◆ **Work required**
A verbatim repetition of the data below is requested, without images.

◆ **Raw data**
· · · · · · ·

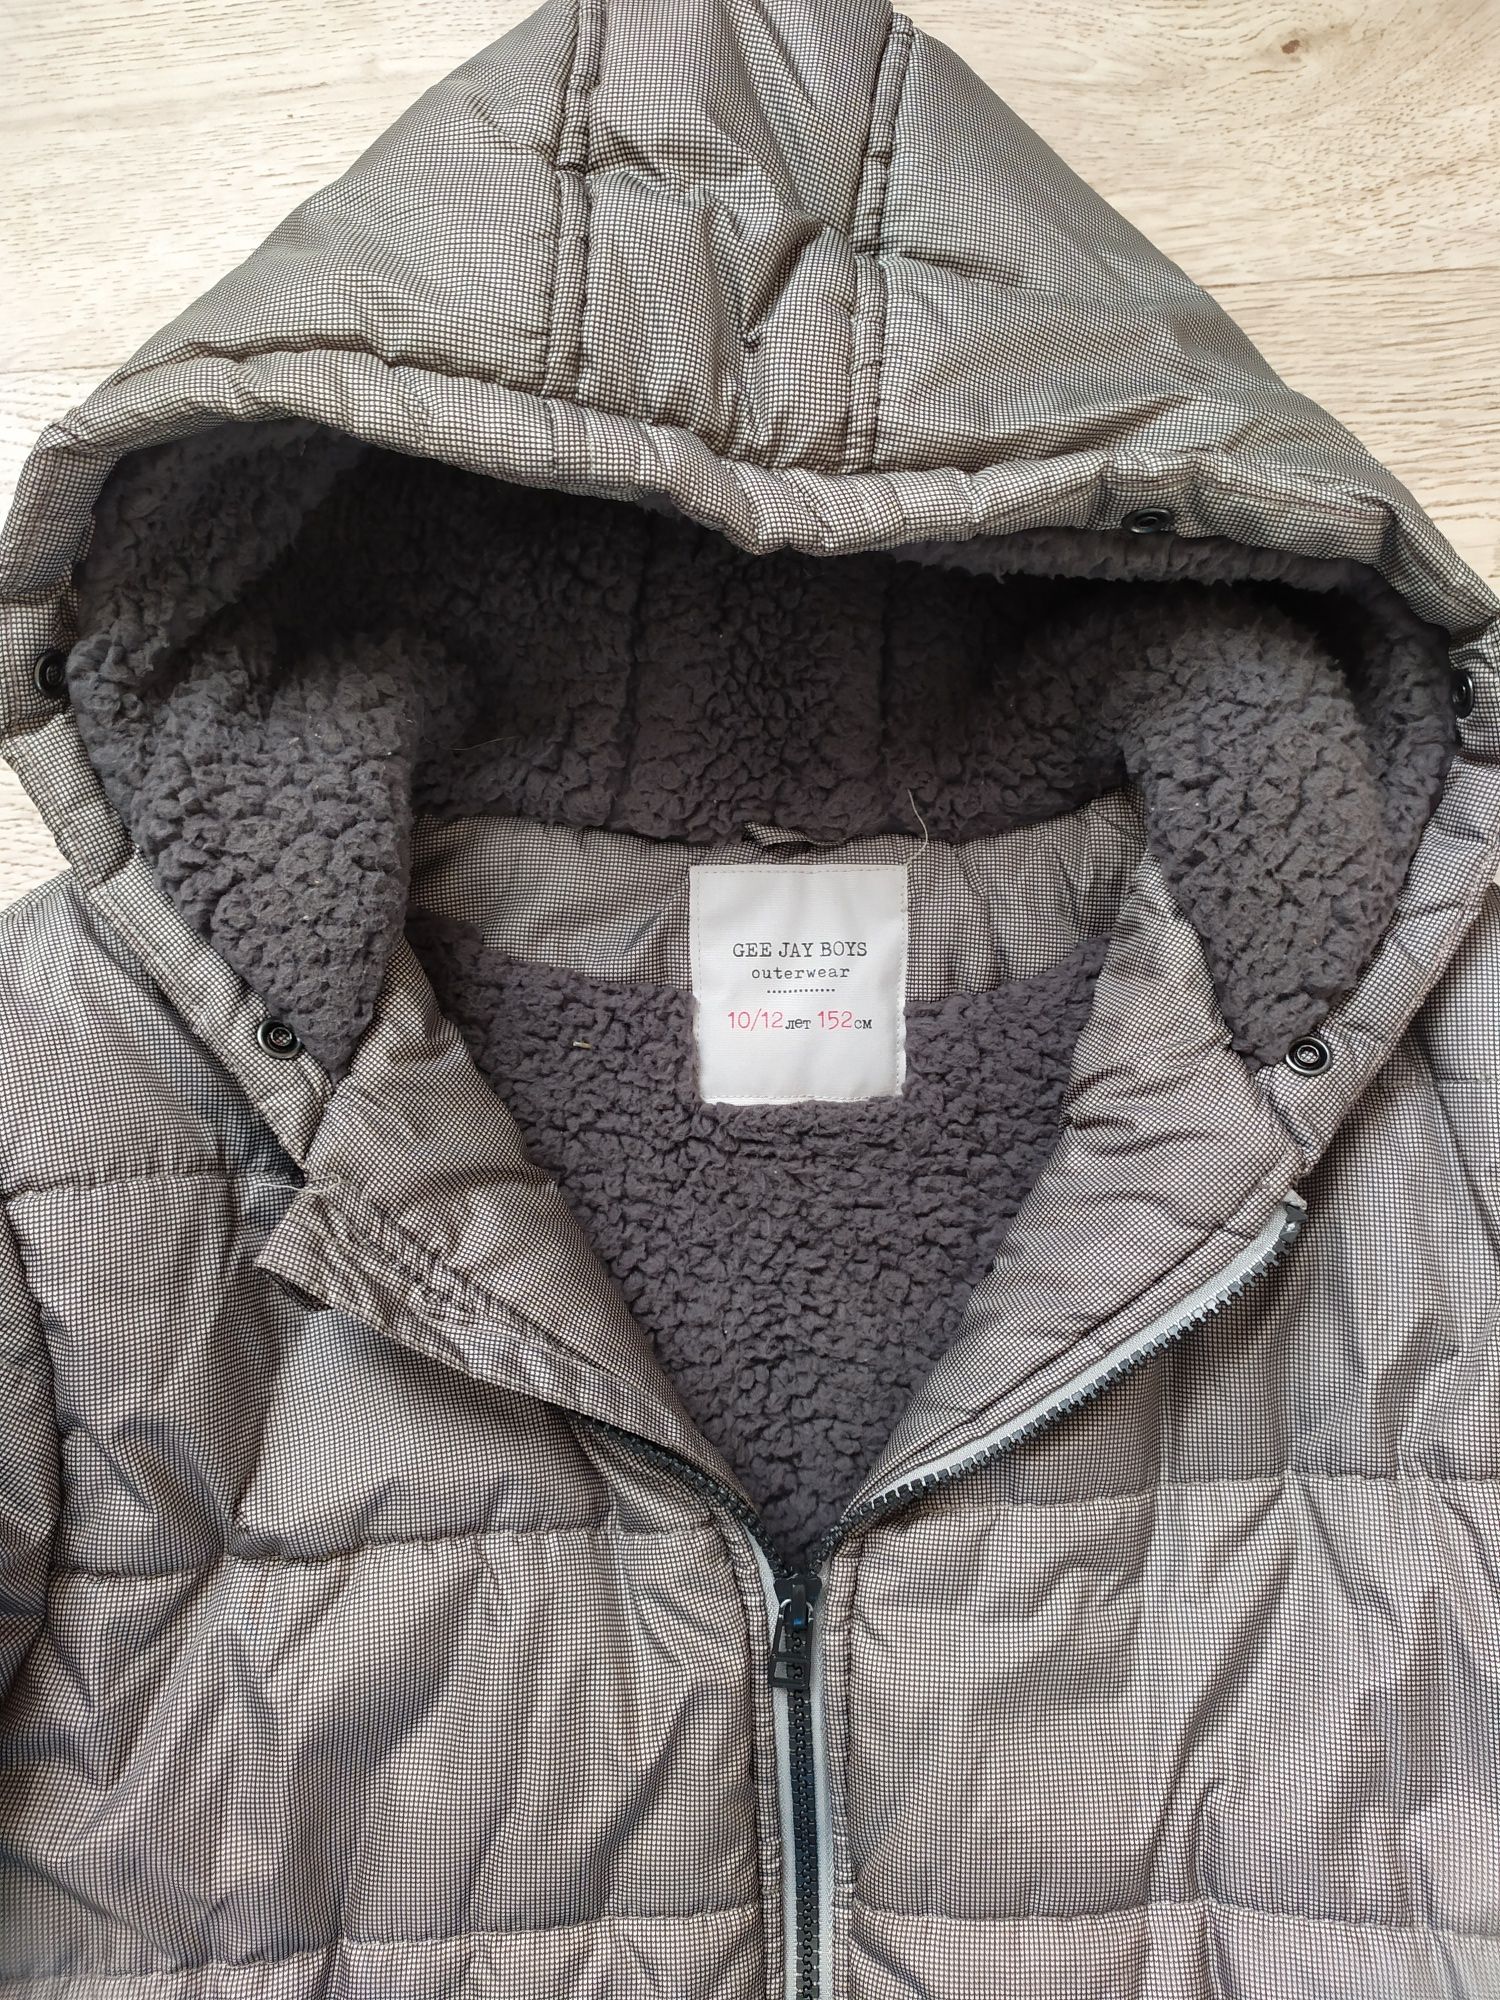 Теплая зимняя куртка на мальчика/подростка (152 см), лёгкая по весу
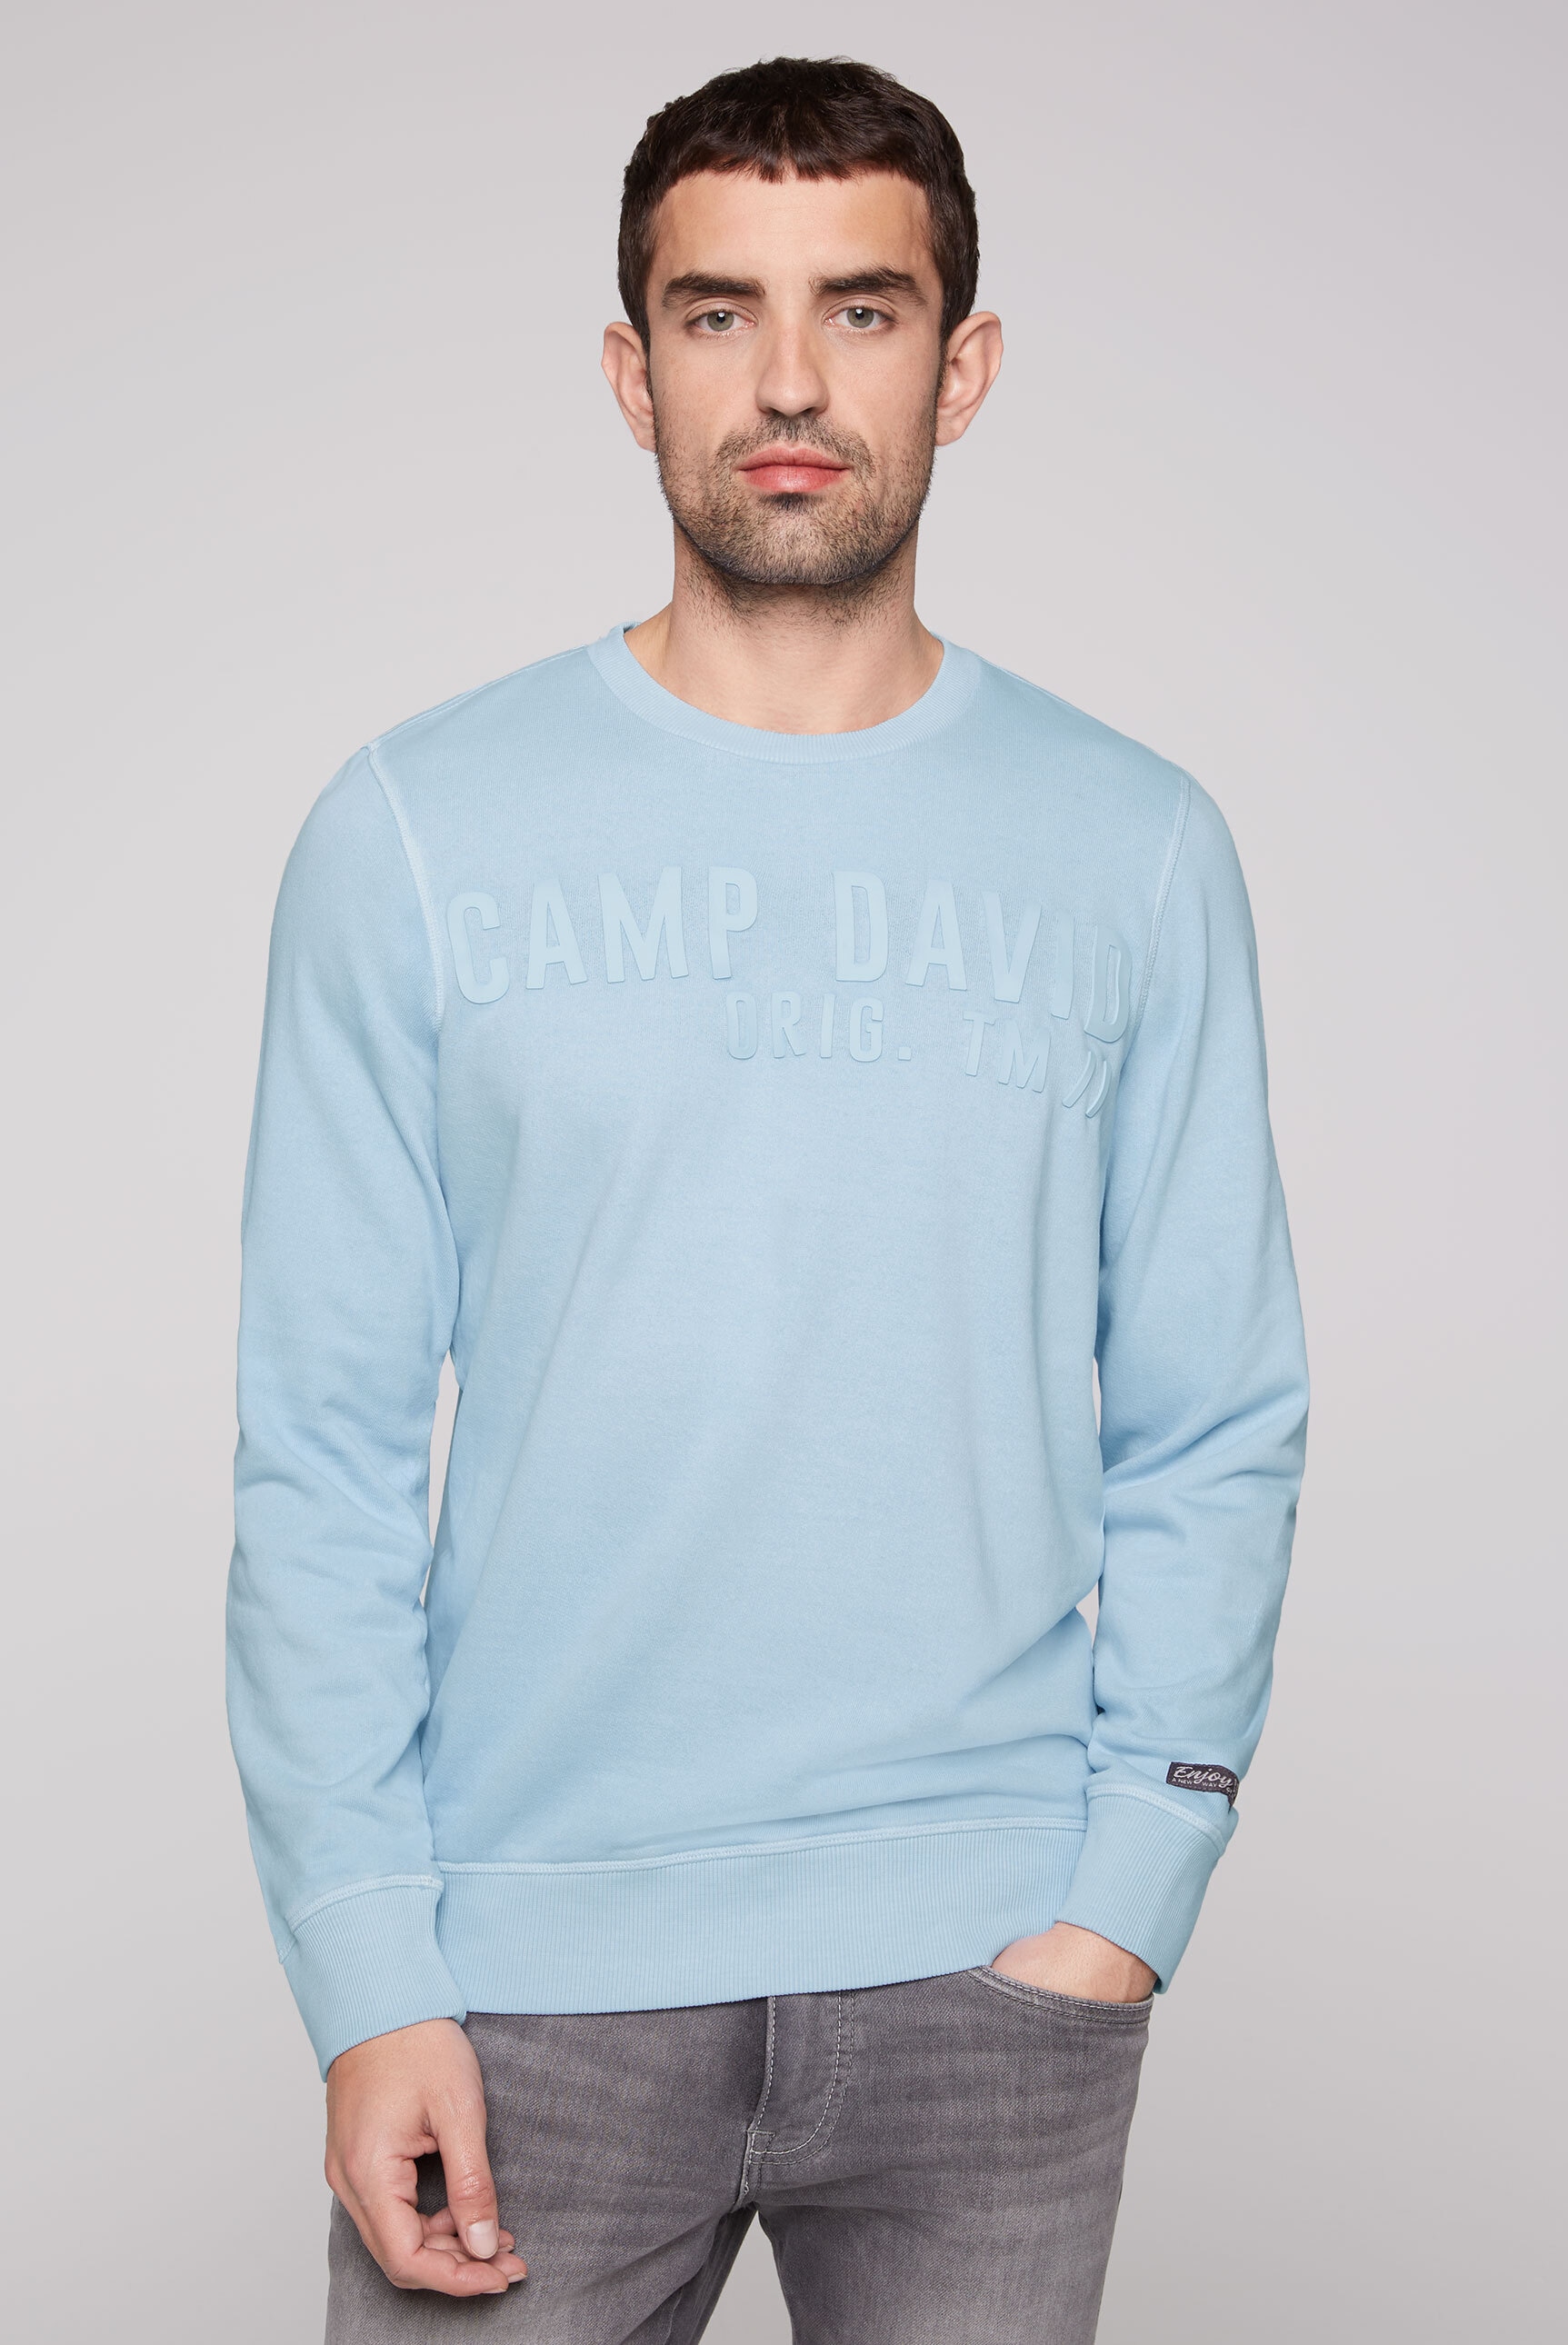 CAMP DAVID Sweater, aus Baumwolle
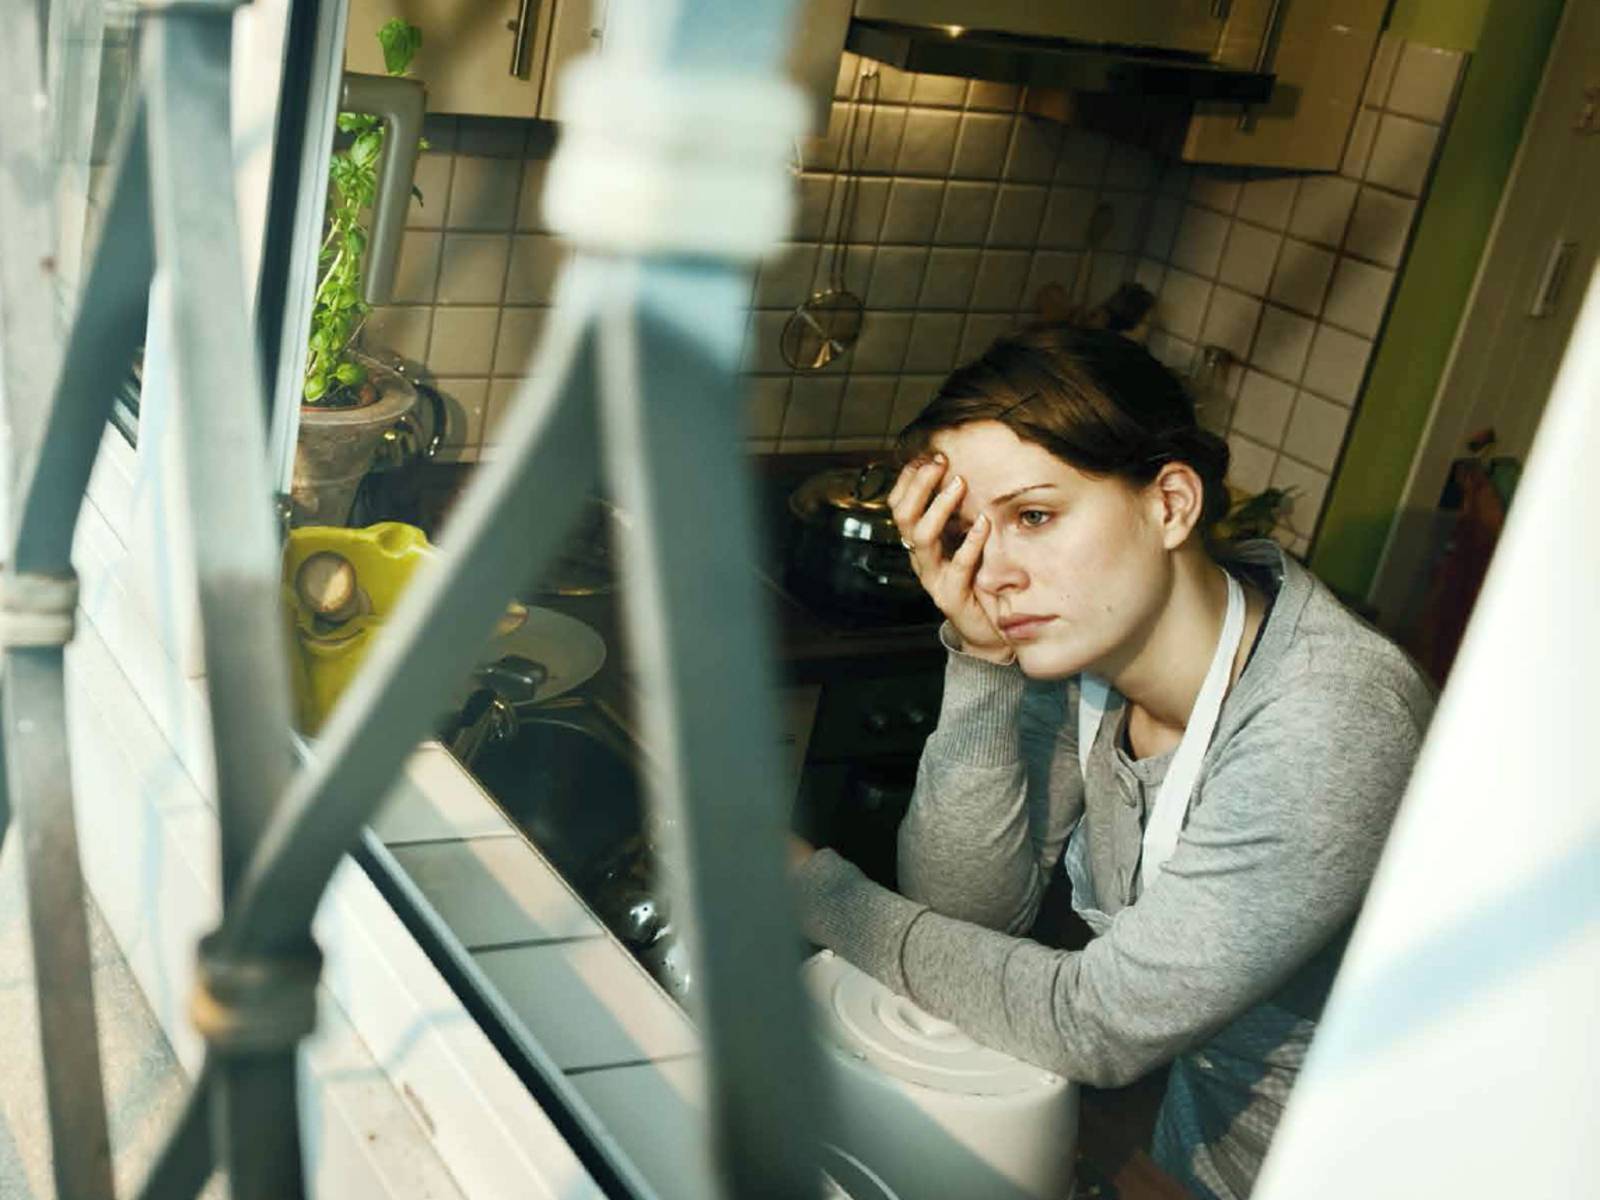 Eine Frau schaut mit leerem Blick aus einem Küchenfenster. Das Fenster ist von außen vergittert.

· · · · · · ·

◆ **Exercise result**
 Теплая зимняя куртка на мальчика/подростка (152 см), лёгкая по весу
 CAMP DAVID Sweater, aus Baumwolle
 Eine Frau schaut mit leerem Blick aus einem Küchenfenster. Das Fenster ist von außen vergittert.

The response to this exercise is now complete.